I consider myself to be an innovative manager. I have great ideas and those ideas have a lot of times in the past made the companies I've worked for a ton of money. This happens all the time and I don't think you understand the real problem. The problem isn't that managers aren't innovative, it's that managers don't get anything for their innovations. As an innovative manager I run into a lot of obstacles in my career. First and foremost I have never received even close to 1% of the profits from any invention I have ever came up with for an employer. At my last job all I did was come up with new ideas to make the company money. I have made companies millions of dollars in profits with my ideas. I have implemented ideas that have saved hundreds of thousands per month in running costs. Afterwards I did not get a single raise, bonus or sometimes even acknowledgement of that extra income. It was my job, they were already paying me for it. As a sub 6 figure "senior" employee I feel a huge push to not mention my ideas to my employers. If the idea costs money to implement, it usually gets shut down before they even think about it, because most people aren't willing to put their own money on the line for a risky idea they didn't come up with. When it only costs a little money, or even a free of cost change in procedures that could cut costs by dramatic amounts, employees are usually thanked and forgotten, if they are even thanked. Decades ago if an employee came up with a method to save a company $300,000 a month that employee would be pushed to the top of a company and probably even made a junior partner and queried for new ideas, not today. So what do innovative managers do now? We look carefully at our non-compete agreements and we focus our innovative brains in a direction that does not conflict with it. We do our job as well as we can, but the second we leave the building our brains are thinking about our own inventions, our own companies and how we can get them funded. And once we get the cash to start something, we leave, we become entrepreneurs and we break the logic of this topic. The only difference between an "Entrepreneur" and a "Manager" is that the entrepreneur quit his day job as a manager to focus on his own idea. So what do I do now? Well
Are the investors, themselves, "All In"? Do they put all their money for a fund plus their own house in one investment? Obviously not, they know that most startups fail.

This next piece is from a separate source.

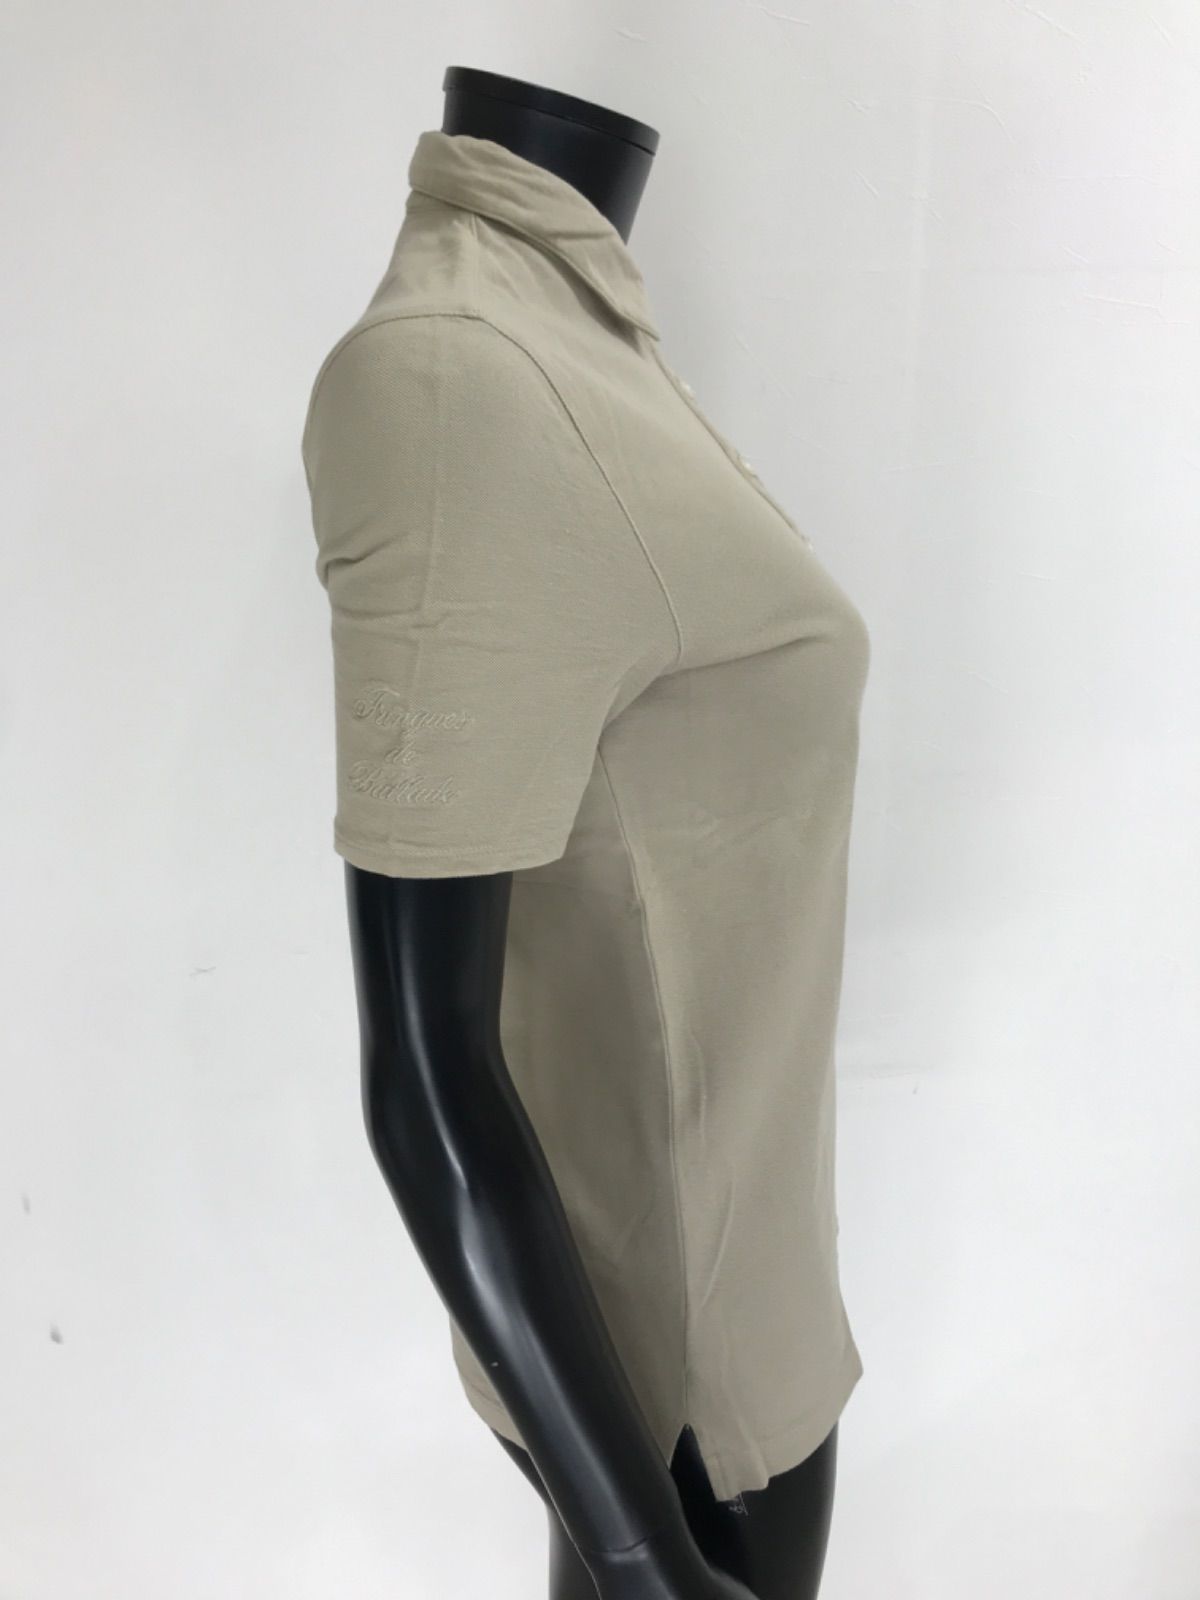 【USED】ZOY ゾーイ 綿 半袖 ポロシャツ ワッペン ベージュ系 レディース 38 M ゴルフウェア

Making the entrepreneur "more motivated" such that his life is nearly permanently ruined by a highly probable failure and unable to try again ever (if you are a normal person who now owes a judgement for $350,000 with no collateral and you haven't had a steady job for years and are likely to continue to be unemployed for at least a year, your life sucks and you will be divorced upon) does not not improve the odds of the outcome. More effort frequently does not translate into more success past a certain point. There is a large contribution of luck which cannot be managed or innovated around.
Do investors want to select for delusional entrepreneurs without a sense of the realities of the world?
The article mischaracterizes MIT's research. The original paper did not say that entrepreneurs "innovate better." It said that they used more of their brains. To judge whether they "innovate better" you would have to measure OUTCOMES, which the MIT research did not do.